======== Records for this exercise ========

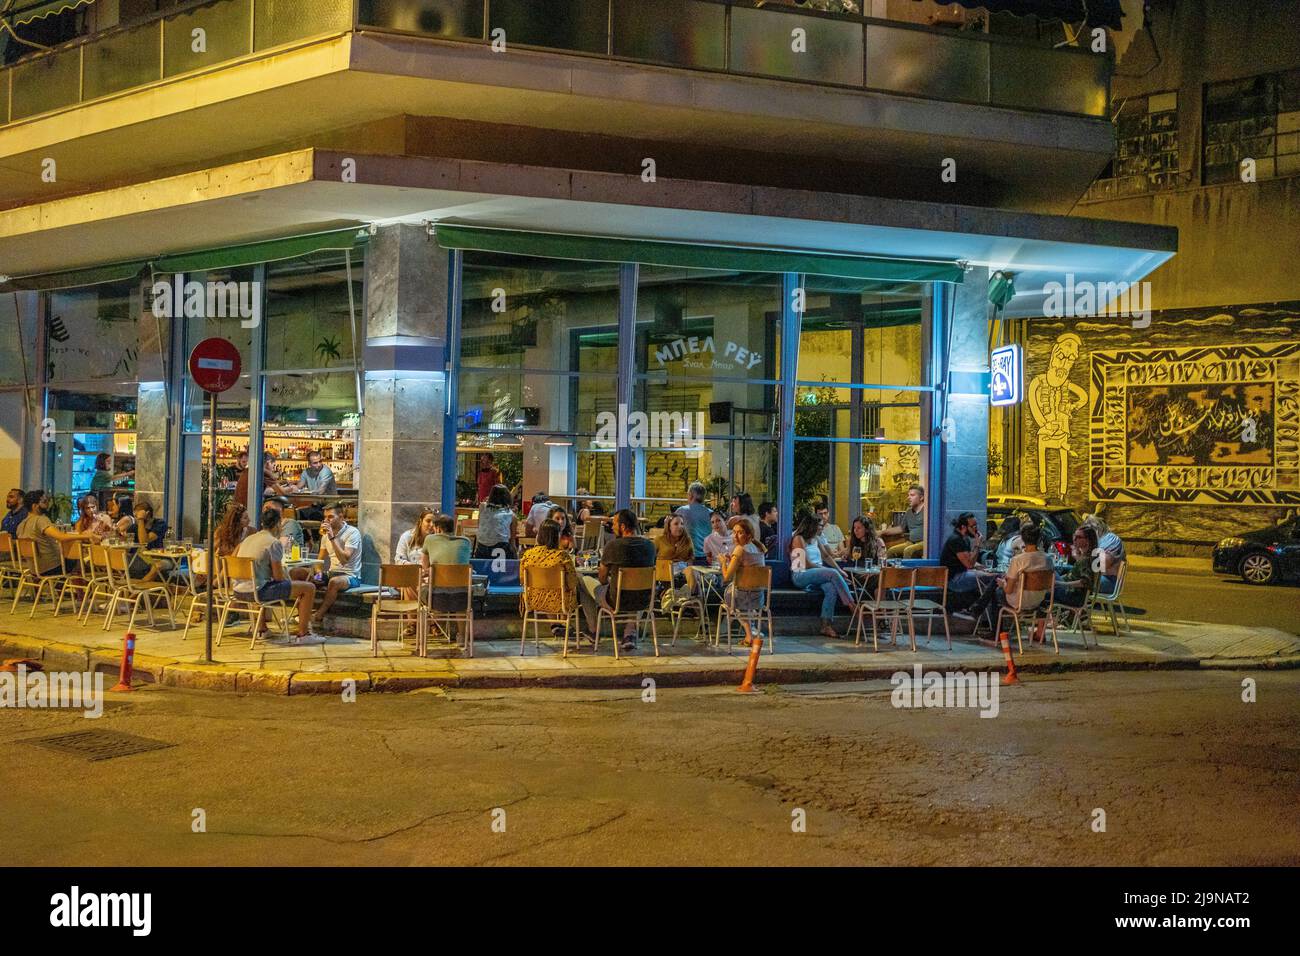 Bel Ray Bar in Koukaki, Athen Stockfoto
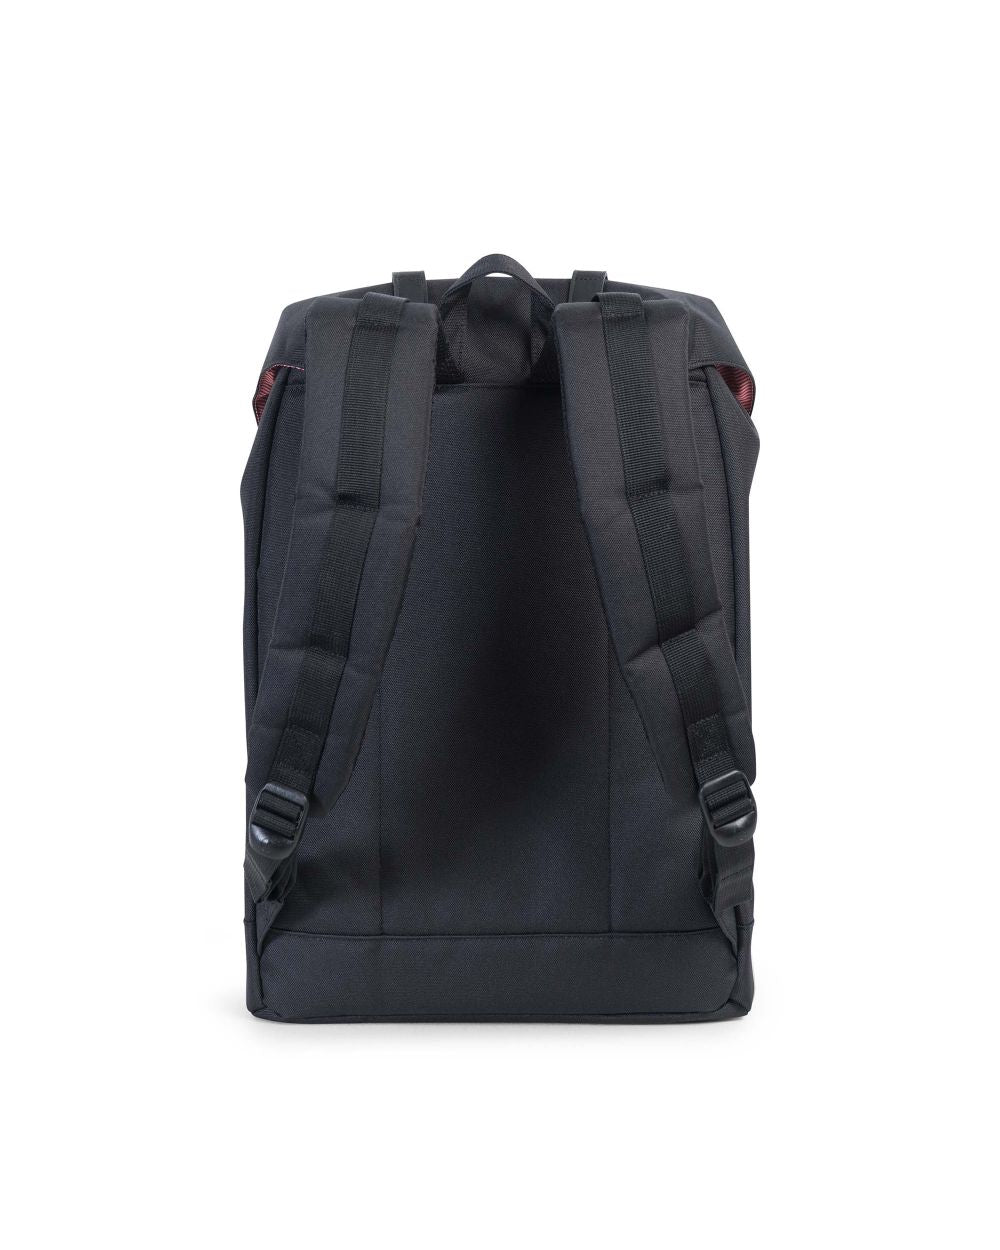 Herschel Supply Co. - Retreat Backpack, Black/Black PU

========
======== Records for this exercise ========

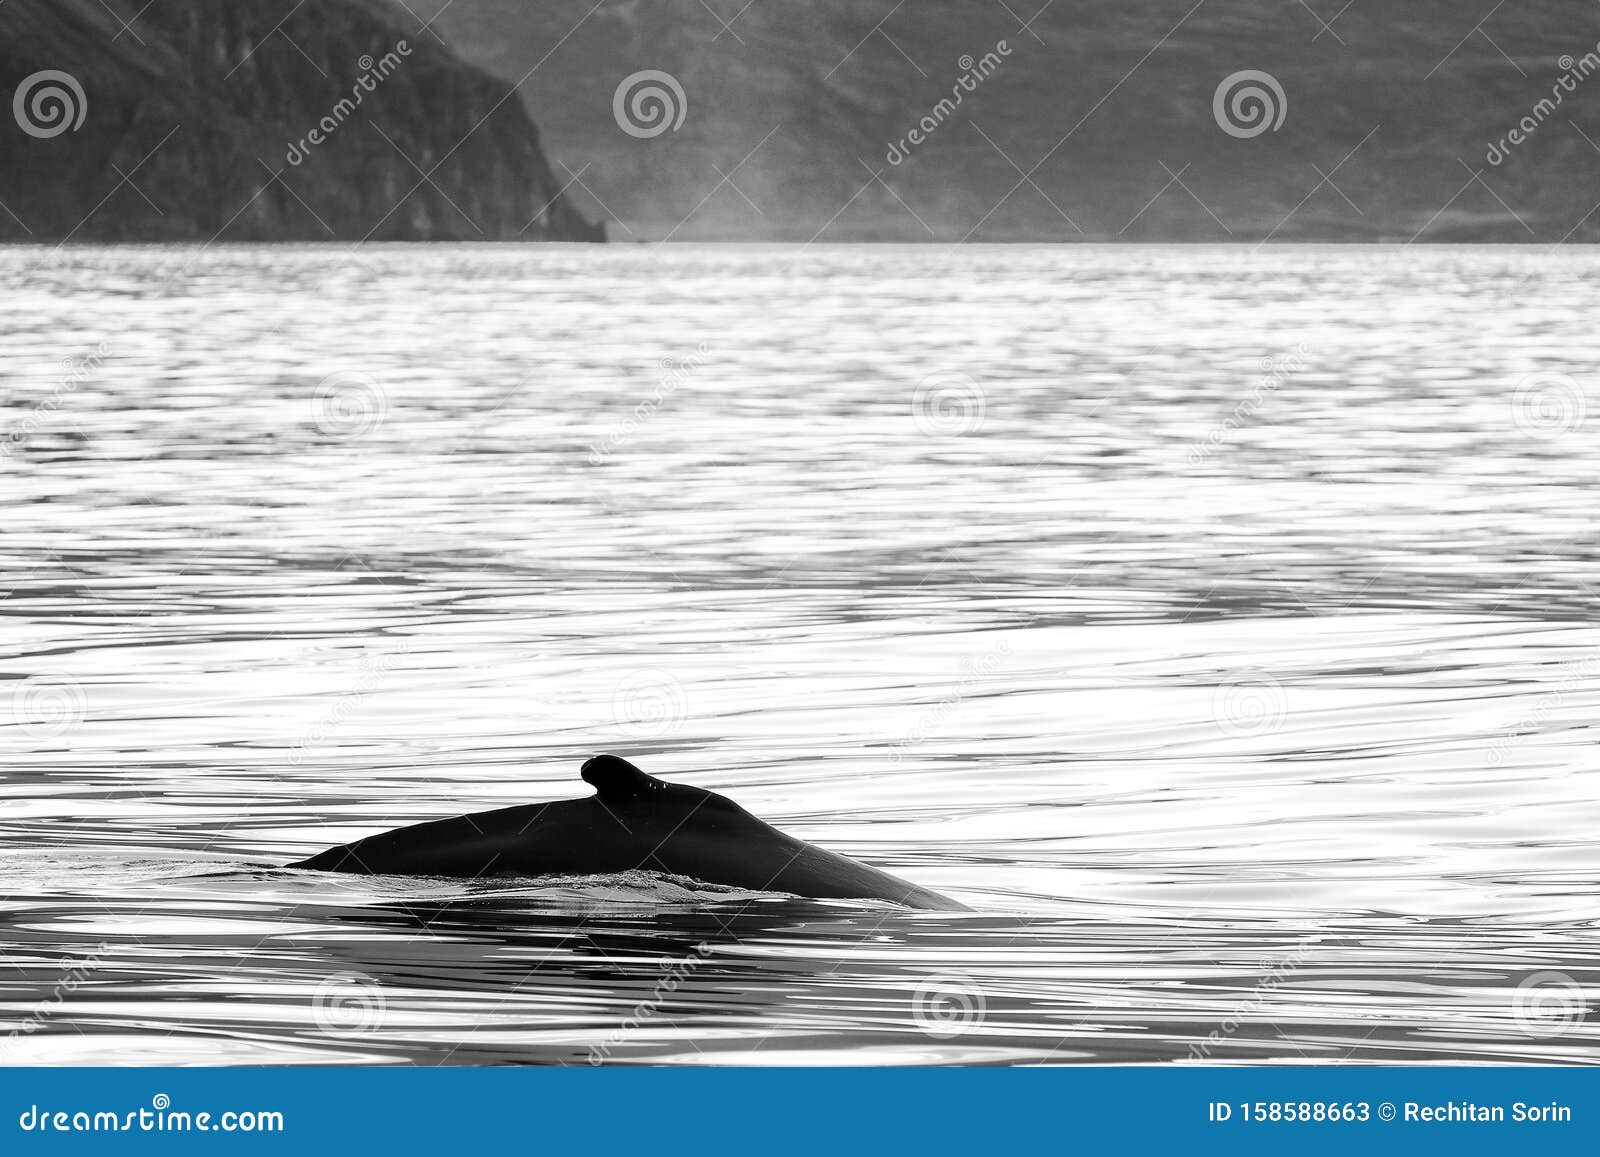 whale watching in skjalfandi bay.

========

Exercise goal: Word for word, repeat the lines above from the one with "Bel Ray Bar in Koukaki, Athen Stockfoto" through the one with "Herschel Supply Co.", and nothing beyond them. Omit the pictures.

Completed exercise:
 Bel Ray Bar in Koukaki, Athen Stockfoto
 Herschel Supply Co. - Retreat Backpack, Black/Black PU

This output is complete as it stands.